Administration proposes that sections provide new services. Here again, administration asks members to donate more unpaid labor to the AnthroSource cause. Unfortunately, new services would be far more attractive if the AAA were instead the AMA and we all had extra money to spend. But membership dues, hotel rooms, airfares and conference fees are already expensive enough, and we already provide enough free labor.  

For the sake of argument, assume that sections were unwilling to keep raising membership dues, unwilling to steal members from each other, and unwilling to donate more hours to AnthroSource/UCP administration.

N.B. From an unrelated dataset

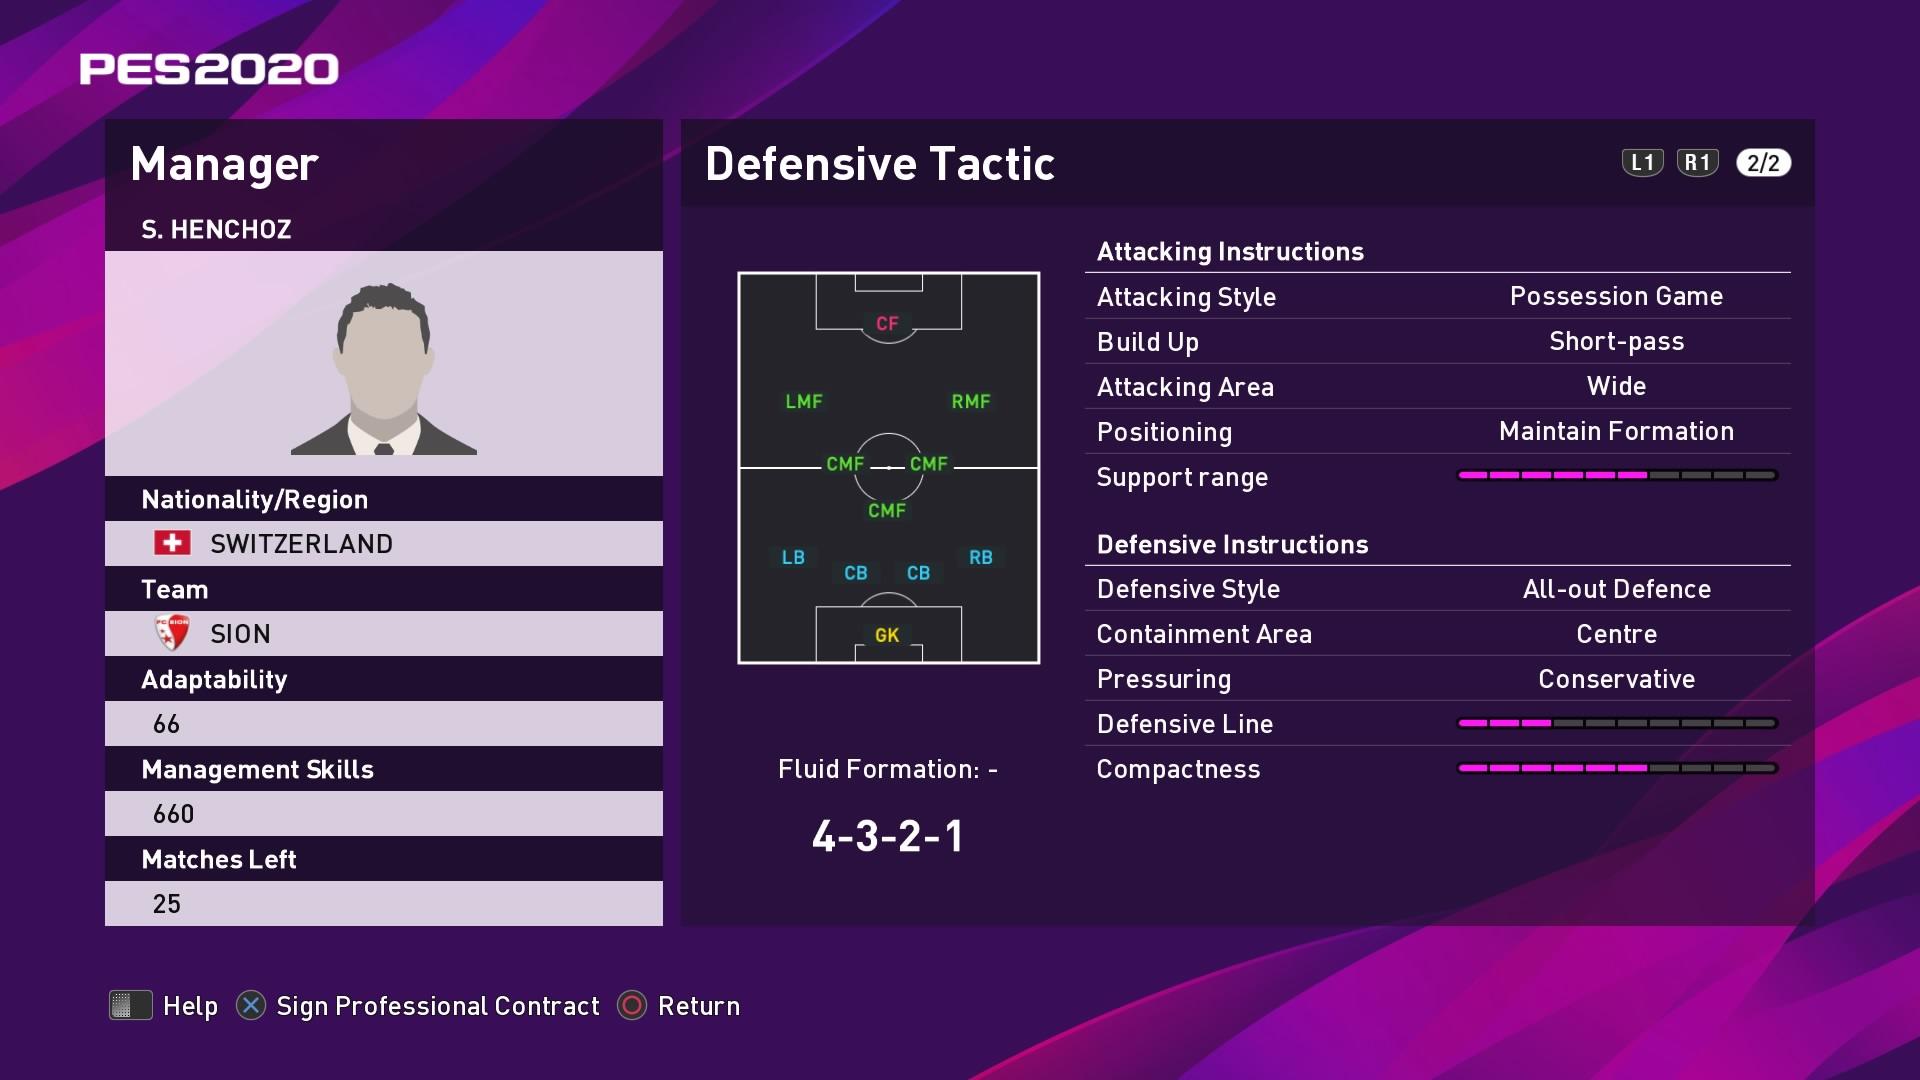 S. Henchoz (Stéphane Henchoz) Defensive Tactic in PES 2020 myClub

On those assumptions, unless UCP can deliver annual digital-subscription revenue in amounts near those predicted by Skomal in June, many AAA sections will find themselves unable to continue publication. Intended to benefit scholarship, AnthroSource would instead have ended section scholarship. I reject all but the first of the administration's solutions to the AnthroSource crisis. Following are alternative ideas.

Alternative Proposals

First, if digital-revenue returns are not part of the AAA's contract with UCP, they should be. Sections should receive monthly updates on UCP's marketing progress to insure adherence to contract.

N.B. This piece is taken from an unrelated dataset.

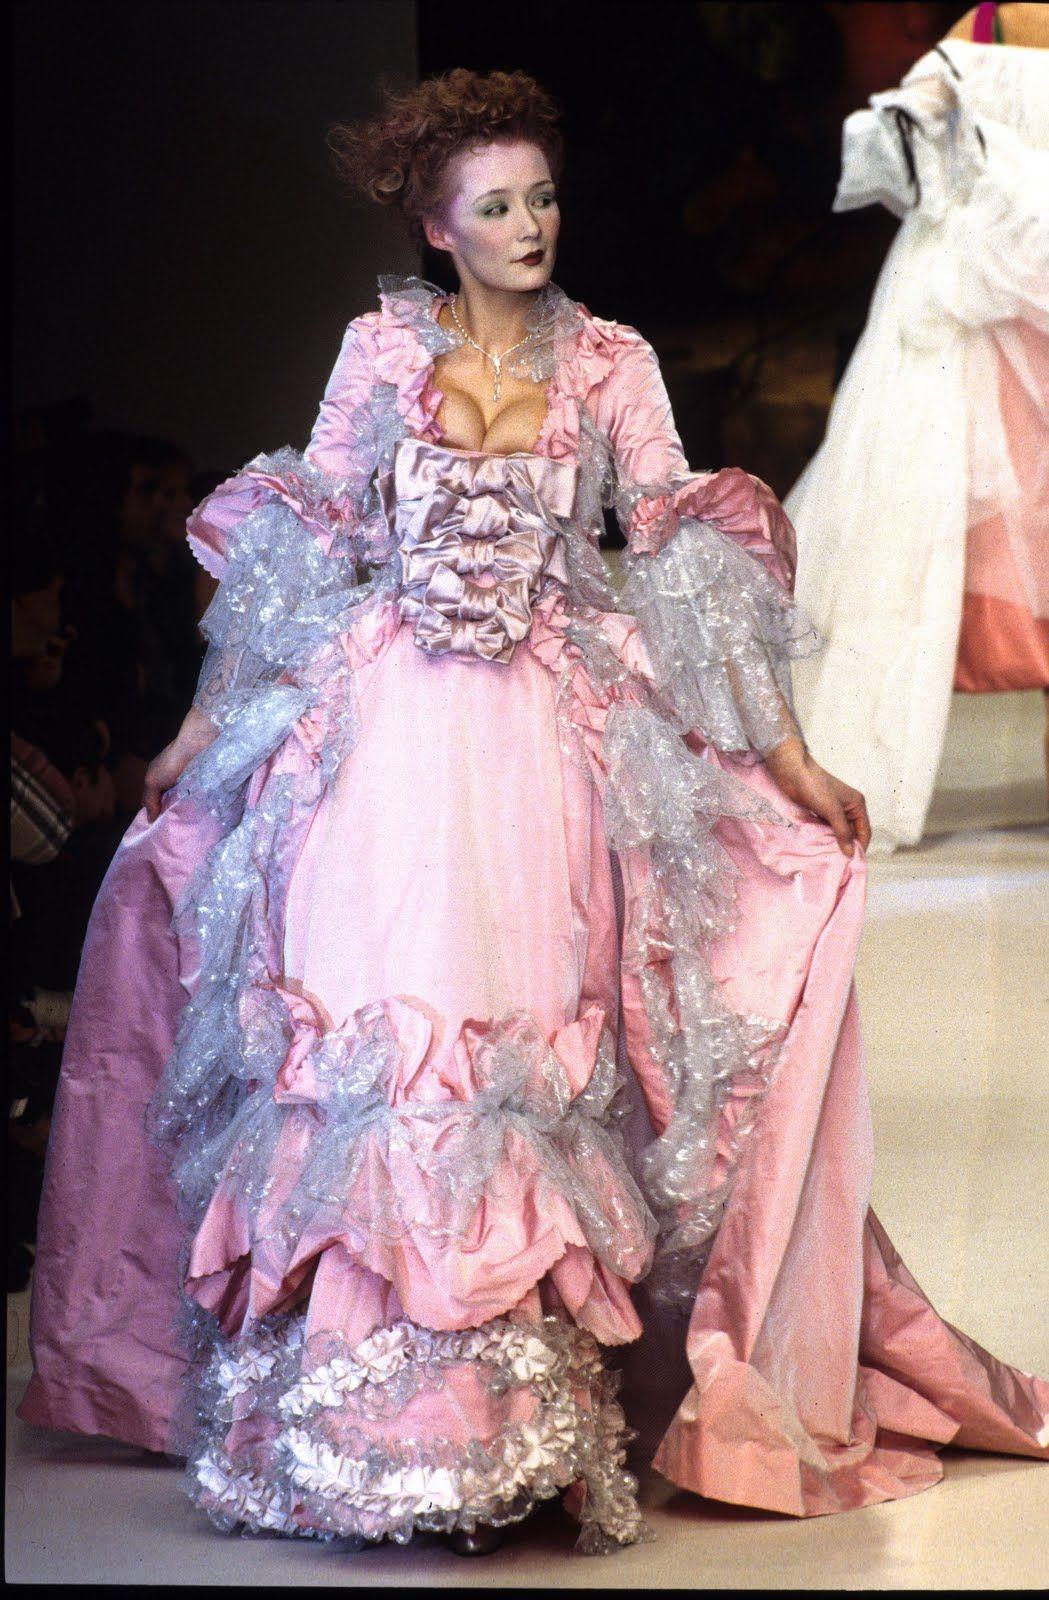 Marie-Antoinette Meets Vivienne Westwood: The 18th Century Back in ...

Second, AnthroSource/UCP Administration fees must stop going up. Substantial annual increases, unilaterally imposed, are not acceptable.

Third, the entire AnthroSource collection should be put on DVDs, distributed to all members and all under-funded, Third World libraries. At the 2003 AnthroSource colloquium, the AAA promised that the AnthroSource collection would be made cheaply available to Third World universities and would thus benefit anthropological scholarship worldwide. We should keep this promise and expand it. Right now, policy is that only current members and subscribers are allowed online access to publications. If we are trying to advance scholarship, then eligible libraries and all members should receive DVDs at cost. (On this plan, First World libraries would continue to pay normal digital-subscription rates.) Sandy Berlin objected to the idea of DVDs, citing statistics that members like AnthroSource as it is. True, but members do not realize how expensive AnthroSource is. Berlin further claimed that DVDs lack functionality desired in the online environment. This is not strictly true. DVDs can be given high functionality. They are also infinitely cheaper than AnthroSource.

Fourth, an emergency plan. If—only if— AnthroSource cannot support itself through digital-subscription revenue, then the AAA should abandon AnthroSource. It should store only its most recent publications online. Distributing solely on DVD, the AAA could then update its latest disc annually for library archives and members.

Fifth, judging from the contradictions and errors I've found in trying to learn the AnthroSource facts, it is clear that more AAA members need to question section finances. Criticism about disturbing trends is the best chance we have of counteracting the association's slide to bottom-line-first management.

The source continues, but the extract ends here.